Interview with Bala Venkatrao, General Manager for Harness AI and Platform

“Scale and autonomy introduced through modern automation systems are now pushing platform engineering into a different phase. When systems are capable of making operational decisions in real time, standardisation alone is no longer sufficient. Organisations need governance models that can actively enforce policies across security, compliance, reliability, and cost without depending on manual intervention,” says Bala Venkatrao, General Manager for Harness AI and Platform, who, in an interaction with Enterprise Times, talks about how platform engineering is evolving from enablement toward system-enforced governance.

Enterprise Times: What it means to treat AI agents as first-class actors within platform systems and how to govern them?

Bala Venkatrao: AI agents are moving beyond assistive tooling into systems capable of generating code, provisioning infrastructure, triggering workflows, remediating incidents, and making operational decisions independently. Treating them as first-class actors means recognising that they are no longer passive tools within the software lifecycle, but active participants interacting directly with platforms, pipelines, and production systems.

That fundamentally changes the governance model. Traditional platform governance was designed around human-driven workflows, where approvals, accountability, and access controls were attached to users and teams. Introducing autonomous agents into that environment requires platforms to govern machine-driven actions with the same rigor applied to human actions.

This is where platform engineering is evolving from enablement toward system-enforced governance. Every automated action, whether provisioning infrastructure, modifying deployments, or interacting with sensitive systems needs to operate within clearly defined security, compliance, operational, and cost guardrails. Governance can no longer depend on periodic reviews or manual oversight alone. It has to be embedded directly into the platform through policy-as-code, real-time enforcement, identity-aware controls, and continuous validation.

The challenge is now to ensure that autonomy can scale safely, predictably, and responsibly across increasingly complex software environments.

Enterprise Times: Why does cost need to become a real-time, enforceable decision?

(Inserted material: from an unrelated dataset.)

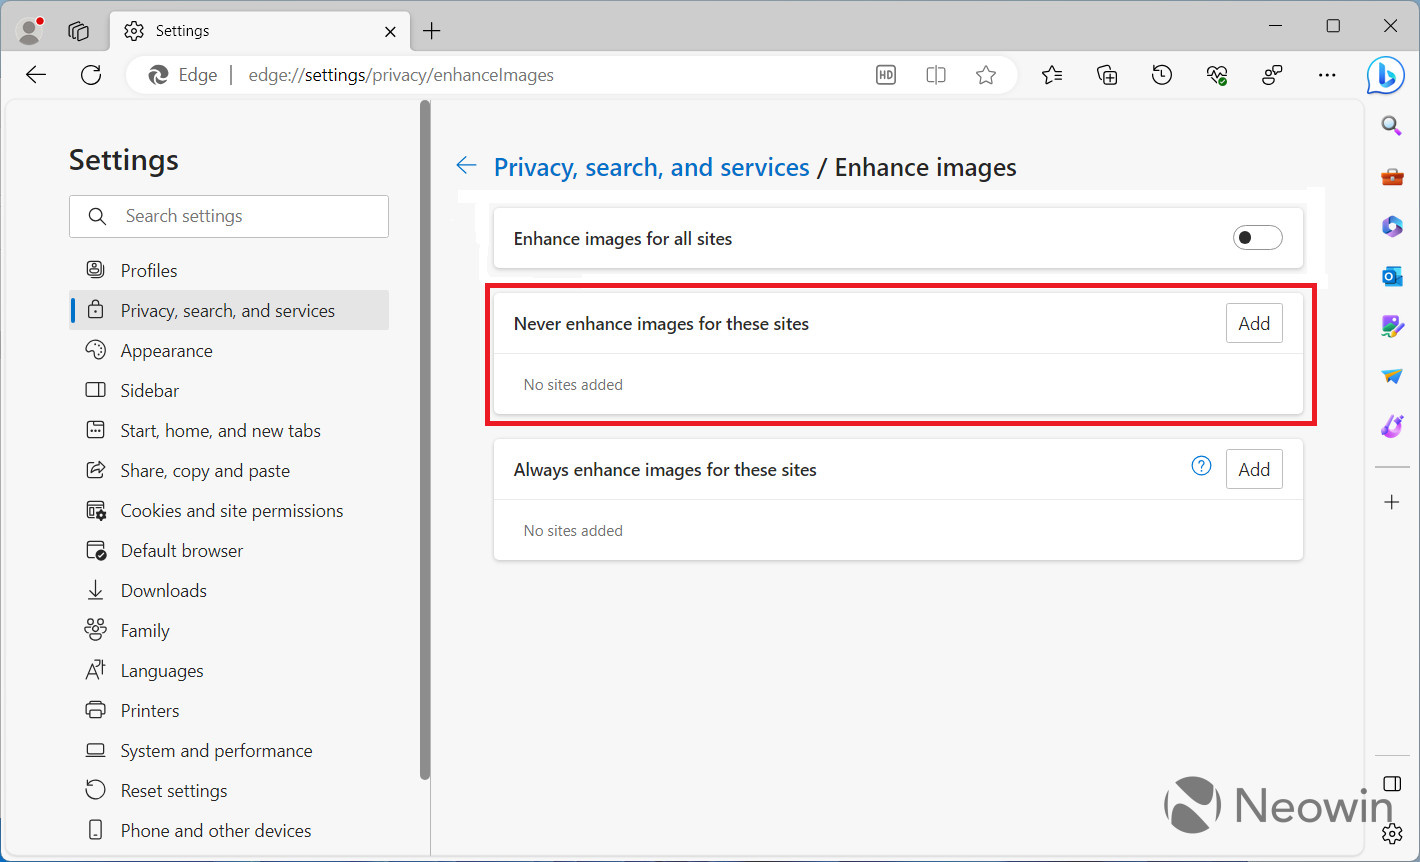 Edge 浏览器中的“增强图片”功能会将图片 URL 发送给微软，且默认开启

Bala Venkatrao: The pace of modern software delivery means infrastructure, compute, and automation decisions are happening continuously across engineering environments. In that context, cost can no longer be treated as a retrospective reporting metric reviewed after resources have already been consumed. It increasingly needs to function as a real-time operational signal embedded directly into delivery systems.

Historically, cost optimisation sat largely within finance or operations functions. Today, decisions around infrastructure provisioning, compute usage, storage allocation, deployment strategies, and automation workflows are being made dynamically by engineering teams and increasingly by automated systems. That changes the role of cost from passive visibility to active governance.

Real impact comes when organisations can enforce policies dynamically through guardrails tied to budgets, infrastructure usage, workload prioritisation, and resource efficiency. Whether it’s preventing over-provisioned infrastructure, controlling excessive compute consumption, or managing automation-driven sprawl, real-time enforcement becomes critical to maintaining operational sustainability at scale.

The broader shift is that cost optimisation is becoming an engineering discipline rather than a reporting exercise.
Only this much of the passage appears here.